### What this task involves
When the word "Blue" appears in a line of the data below, list that line.

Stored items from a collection
————

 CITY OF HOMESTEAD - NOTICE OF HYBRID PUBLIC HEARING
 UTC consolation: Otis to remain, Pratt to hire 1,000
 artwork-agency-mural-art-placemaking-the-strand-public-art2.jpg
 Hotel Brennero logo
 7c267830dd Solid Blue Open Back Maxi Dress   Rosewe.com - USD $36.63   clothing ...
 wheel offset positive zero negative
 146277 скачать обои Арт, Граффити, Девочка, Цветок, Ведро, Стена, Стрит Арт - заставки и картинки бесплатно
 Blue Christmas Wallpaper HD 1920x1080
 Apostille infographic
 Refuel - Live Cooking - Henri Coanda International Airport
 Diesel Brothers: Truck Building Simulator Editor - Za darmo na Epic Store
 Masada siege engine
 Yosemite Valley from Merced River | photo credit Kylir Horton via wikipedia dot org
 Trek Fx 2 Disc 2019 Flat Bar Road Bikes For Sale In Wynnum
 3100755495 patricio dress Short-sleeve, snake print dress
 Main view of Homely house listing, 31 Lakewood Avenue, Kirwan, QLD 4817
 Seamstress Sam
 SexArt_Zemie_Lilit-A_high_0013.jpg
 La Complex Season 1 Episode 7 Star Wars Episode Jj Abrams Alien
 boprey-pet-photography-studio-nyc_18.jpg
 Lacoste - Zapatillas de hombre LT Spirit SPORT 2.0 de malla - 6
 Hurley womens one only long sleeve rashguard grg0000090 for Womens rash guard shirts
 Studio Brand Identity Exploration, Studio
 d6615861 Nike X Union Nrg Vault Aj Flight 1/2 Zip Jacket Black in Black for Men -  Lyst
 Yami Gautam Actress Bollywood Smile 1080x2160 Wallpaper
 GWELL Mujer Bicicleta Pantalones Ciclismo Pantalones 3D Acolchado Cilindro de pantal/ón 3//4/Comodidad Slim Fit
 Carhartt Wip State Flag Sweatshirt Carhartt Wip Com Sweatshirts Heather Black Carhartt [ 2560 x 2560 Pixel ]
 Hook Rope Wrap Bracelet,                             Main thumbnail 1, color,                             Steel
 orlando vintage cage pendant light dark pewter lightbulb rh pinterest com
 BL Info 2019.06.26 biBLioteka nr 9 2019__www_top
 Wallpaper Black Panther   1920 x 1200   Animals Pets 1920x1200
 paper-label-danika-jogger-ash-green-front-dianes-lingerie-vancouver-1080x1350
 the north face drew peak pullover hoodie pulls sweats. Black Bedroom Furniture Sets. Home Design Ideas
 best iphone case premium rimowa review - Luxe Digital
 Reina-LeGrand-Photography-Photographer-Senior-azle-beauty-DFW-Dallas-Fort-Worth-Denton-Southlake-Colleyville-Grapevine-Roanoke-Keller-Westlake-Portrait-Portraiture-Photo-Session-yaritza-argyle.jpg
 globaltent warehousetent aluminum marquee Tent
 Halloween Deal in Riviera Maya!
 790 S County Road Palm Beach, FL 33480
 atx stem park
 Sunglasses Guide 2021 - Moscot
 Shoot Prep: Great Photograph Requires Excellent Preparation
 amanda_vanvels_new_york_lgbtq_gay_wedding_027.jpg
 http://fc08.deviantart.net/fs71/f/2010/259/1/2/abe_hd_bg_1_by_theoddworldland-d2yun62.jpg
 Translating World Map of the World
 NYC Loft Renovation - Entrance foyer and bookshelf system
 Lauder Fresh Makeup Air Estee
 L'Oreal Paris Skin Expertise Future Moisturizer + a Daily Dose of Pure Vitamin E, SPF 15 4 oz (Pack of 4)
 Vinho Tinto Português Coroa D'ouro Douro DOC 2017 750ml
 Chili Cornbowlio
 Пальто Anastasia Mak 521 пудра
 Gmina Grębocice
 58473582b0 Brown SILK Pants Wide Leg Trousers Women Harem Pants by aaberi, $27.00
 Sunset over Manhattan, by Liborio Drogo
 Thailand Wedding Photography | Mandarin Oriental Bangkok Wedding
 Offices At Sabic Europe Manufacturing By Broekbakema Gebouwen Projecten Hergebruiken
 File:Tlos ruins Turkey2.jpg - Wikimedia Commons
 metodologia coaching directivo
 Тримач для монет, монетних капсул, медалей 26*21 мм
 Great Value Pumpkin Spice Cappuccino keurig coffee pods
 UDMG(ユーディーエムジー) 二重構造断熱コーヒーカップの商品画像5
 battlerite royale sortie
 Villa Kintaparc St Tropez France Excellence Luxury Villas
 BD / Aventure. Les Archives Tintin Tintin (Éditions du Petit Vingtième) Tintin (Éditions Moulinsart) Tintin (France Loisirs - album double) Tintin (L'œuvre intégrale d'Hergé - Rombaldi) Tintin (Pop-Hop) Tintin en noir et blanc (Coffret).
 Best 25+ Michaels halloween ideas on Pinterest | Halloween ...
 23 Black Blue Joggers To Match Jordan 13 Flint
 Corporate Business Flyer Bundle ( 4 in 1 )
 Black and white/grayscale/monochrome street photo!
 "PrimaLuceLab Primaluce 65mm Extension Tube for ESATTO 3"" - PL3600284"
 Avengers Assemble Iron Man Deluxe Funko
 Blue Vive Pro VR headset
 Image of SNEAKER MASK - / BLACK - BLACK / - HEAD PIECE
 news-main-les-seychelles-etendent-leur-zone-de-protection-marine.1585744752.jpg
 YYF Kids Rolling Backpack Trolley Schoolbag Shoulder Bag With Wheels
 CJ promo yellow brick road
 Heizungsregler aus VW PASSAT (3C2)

————

### Solution to the exercise
 7c267830dd Solid Blue Open Back Maxi Dress   Rosewe.com - USD $36.63   clothing ...
 Blue Christmas Wallpaper HD 1920x1080
 23 Black Blue Joggers To Match Jordan 13 Flint
 Blue Vive Pro VR headset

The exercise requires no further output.